Start by pulling your free credit report from AnnualCreditReport.com and listing the open date for each account. Run the simple calculation in this article to see where your AAoA currently stands — and which accounts are anchoring it.

From there, the most useful habit is thinking about timing before you open or close anything. A new account opened for a good reason at the right time is worth a temporary AAoA dip. A card closed just before a mortgage application could hurt utilization more than most people expect.
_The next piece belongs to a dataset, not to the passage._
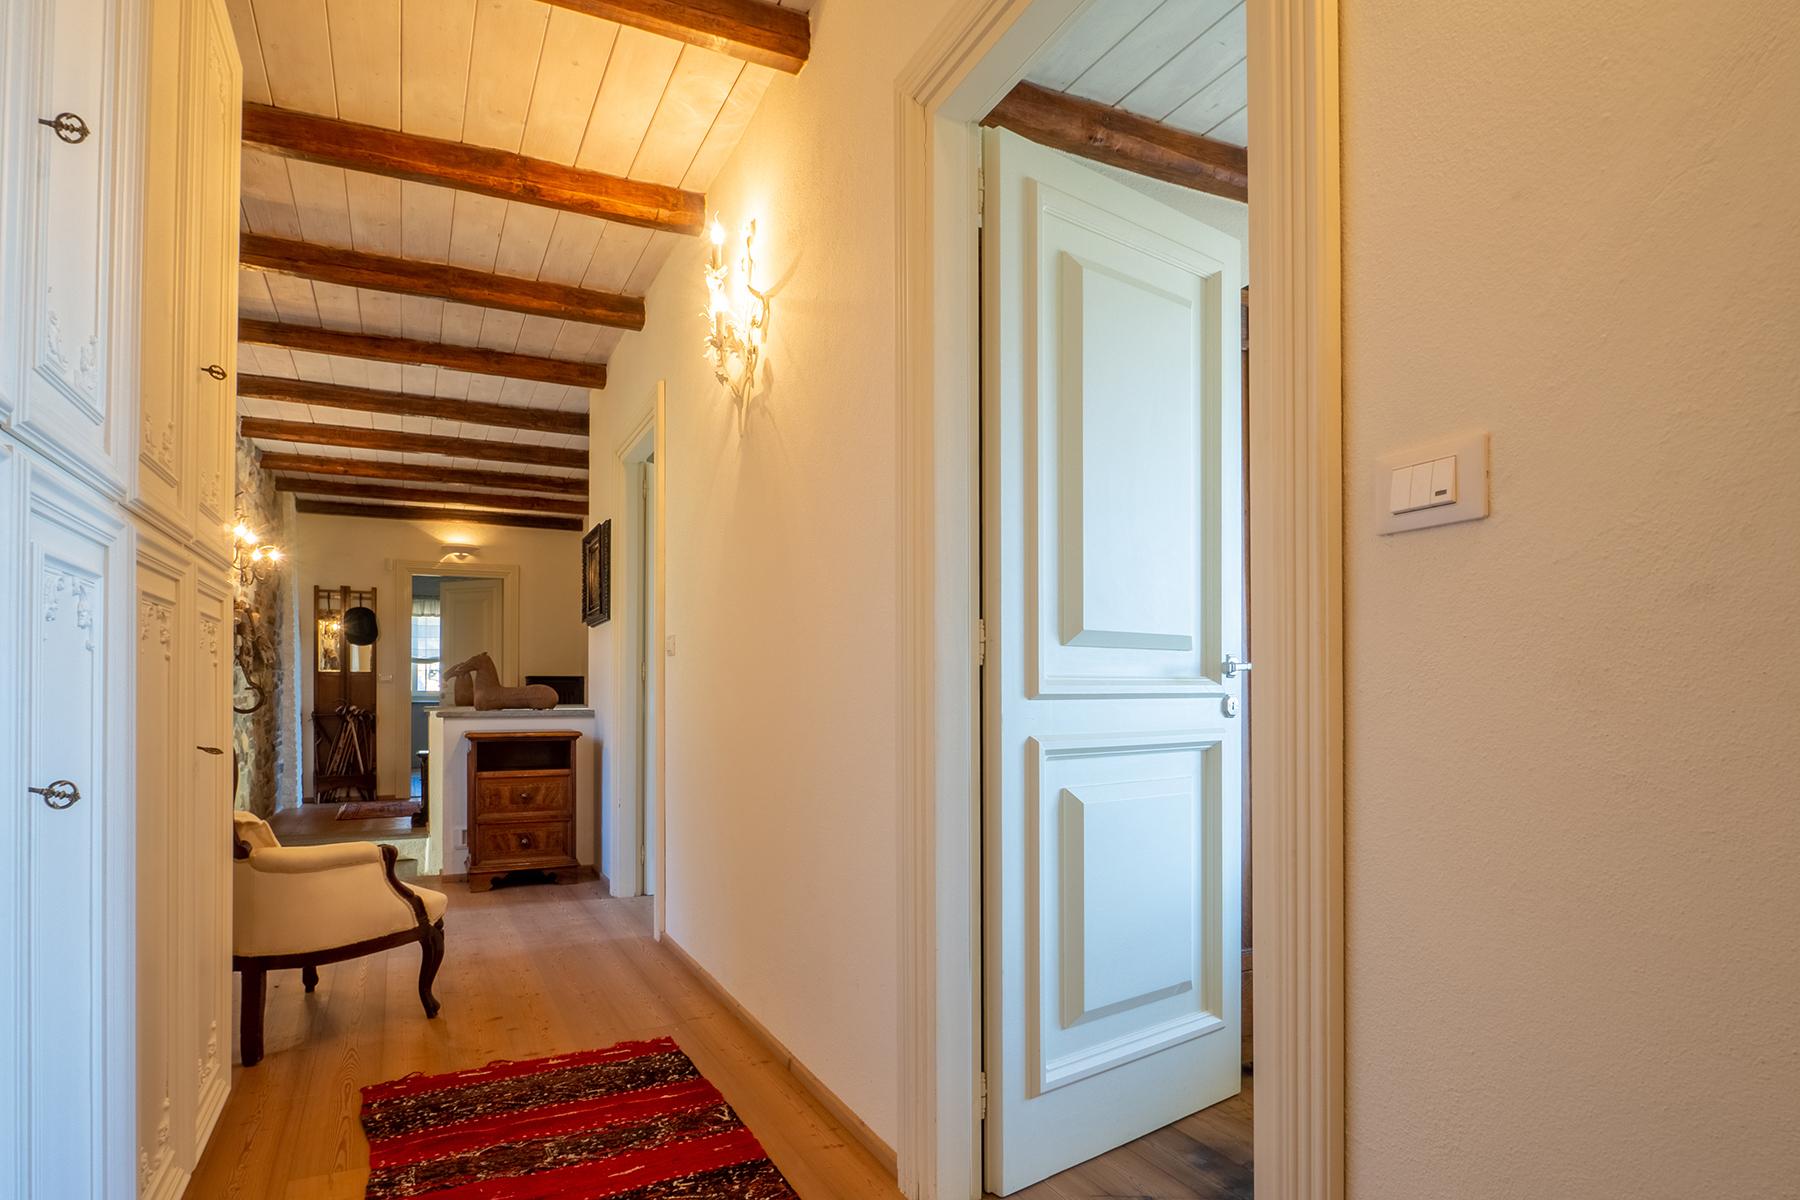 Villa in Vendita a Pettinengo: 5 locali, 412 mq - Foto 13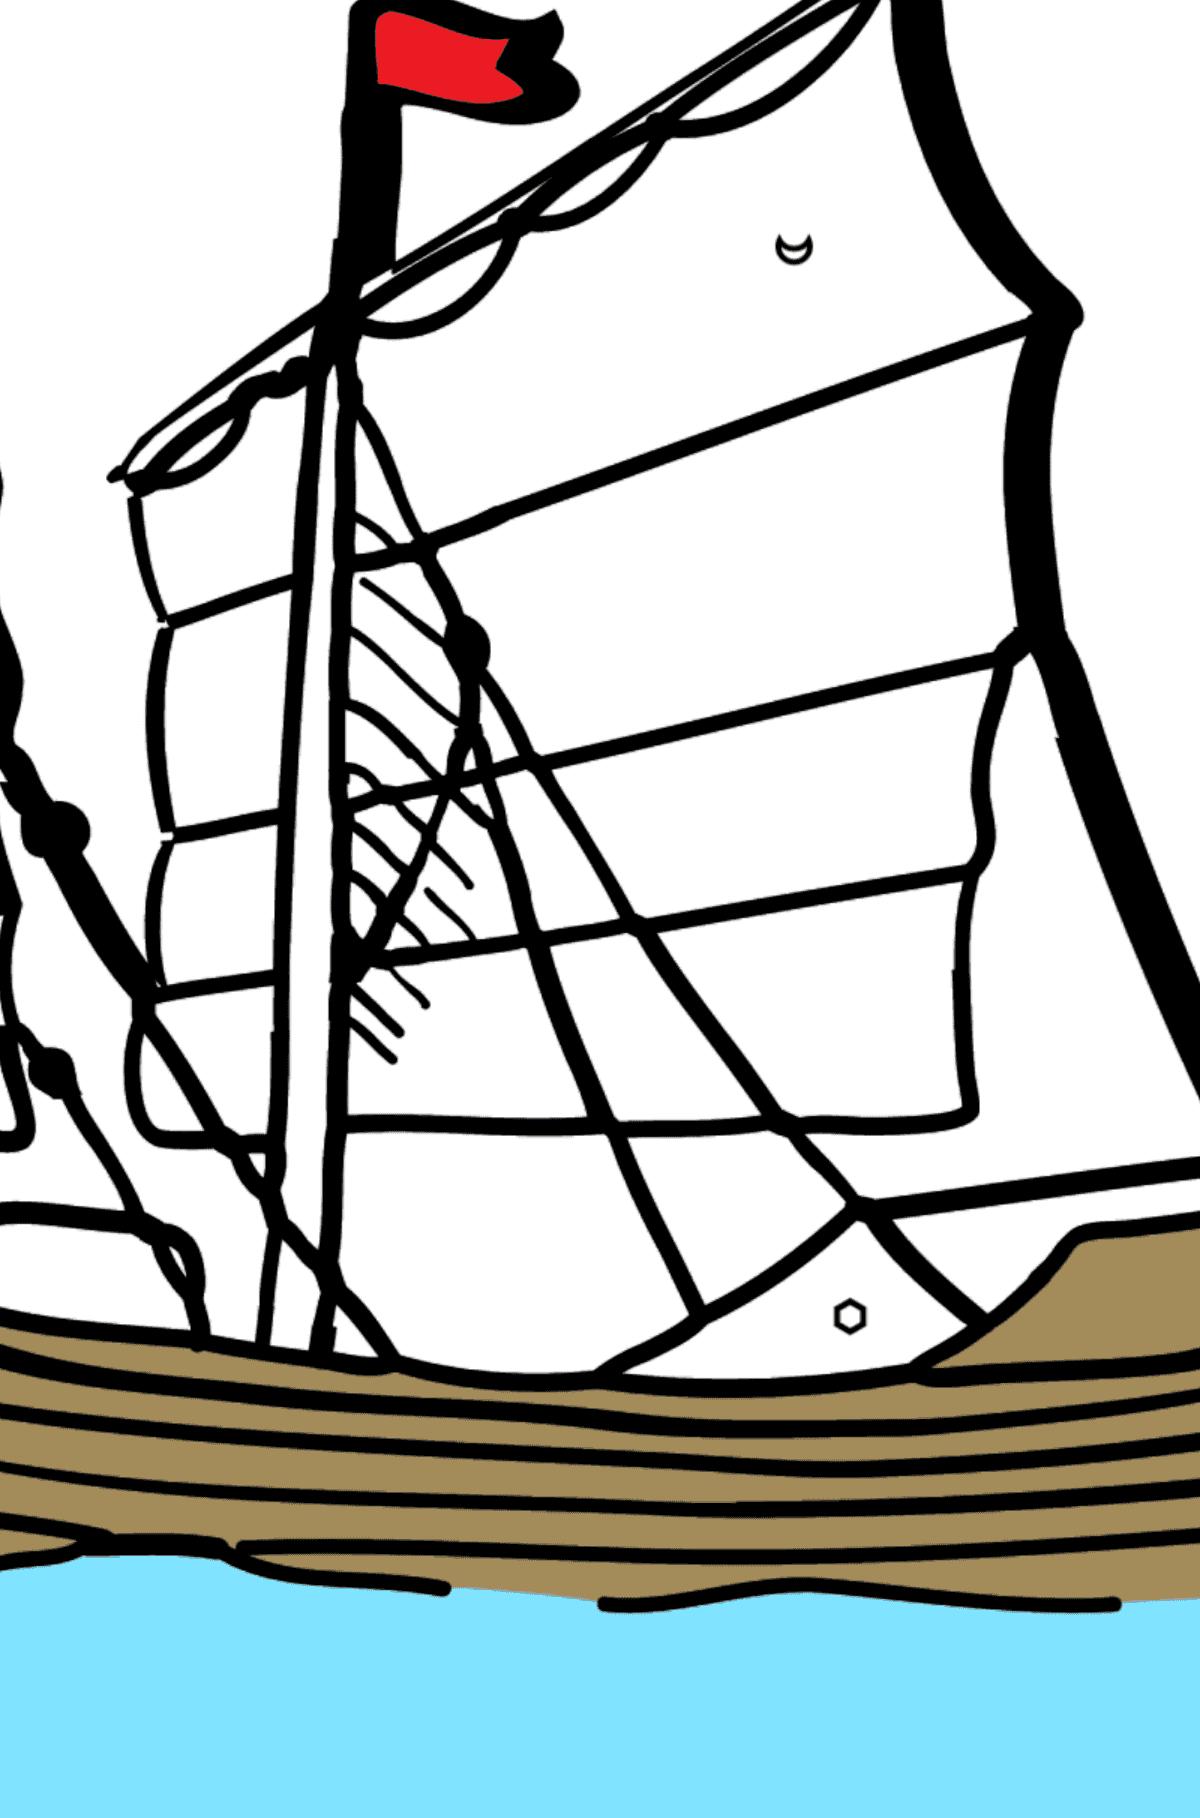 Раскраска трехмачтовый парусник - Раскраска по Символам и Геометрическим Фигурам для Детей

AAoA grows on its own as long as you manage your existing accounts well. Before opening or closing anything, run the AAoA calculation from this article and check your utilization impact first — those two checks take five minutes and cover the most common mistakes.


References

  1. myFICO (FICO education). “Should I close my credit cards?” — length of credit history ~15% of FICO Score; age metrics can include open and closed accounts while they appear on reports.
    Source
    Reviewed May 2026.
  2. Experian. “Closing a Credit Card: Will It Hurt Your Credit?” — closed accounts can remain on reports for years; positive history can remain longer than negative.
    Source
    Reviewed May 2026.
  3. TransUnion. “How Long Do Closed Accounts Stay on Your Credit Report?” — closed accounts may remain on reports; timelines differ for positive vs. negative history.
    Source
    Reviewed May 2026.
  4. Consumer Financial Protection Bureau (CFPB). “What is a credit score?” — covers the factors used in credit scoring, including length of credit history.
    Source
    Reviewed May 2026.

Disclosure: This article is general education, not financial advice. Credit scoring models and credit bureau reporting timelines vary by model, version, and lender.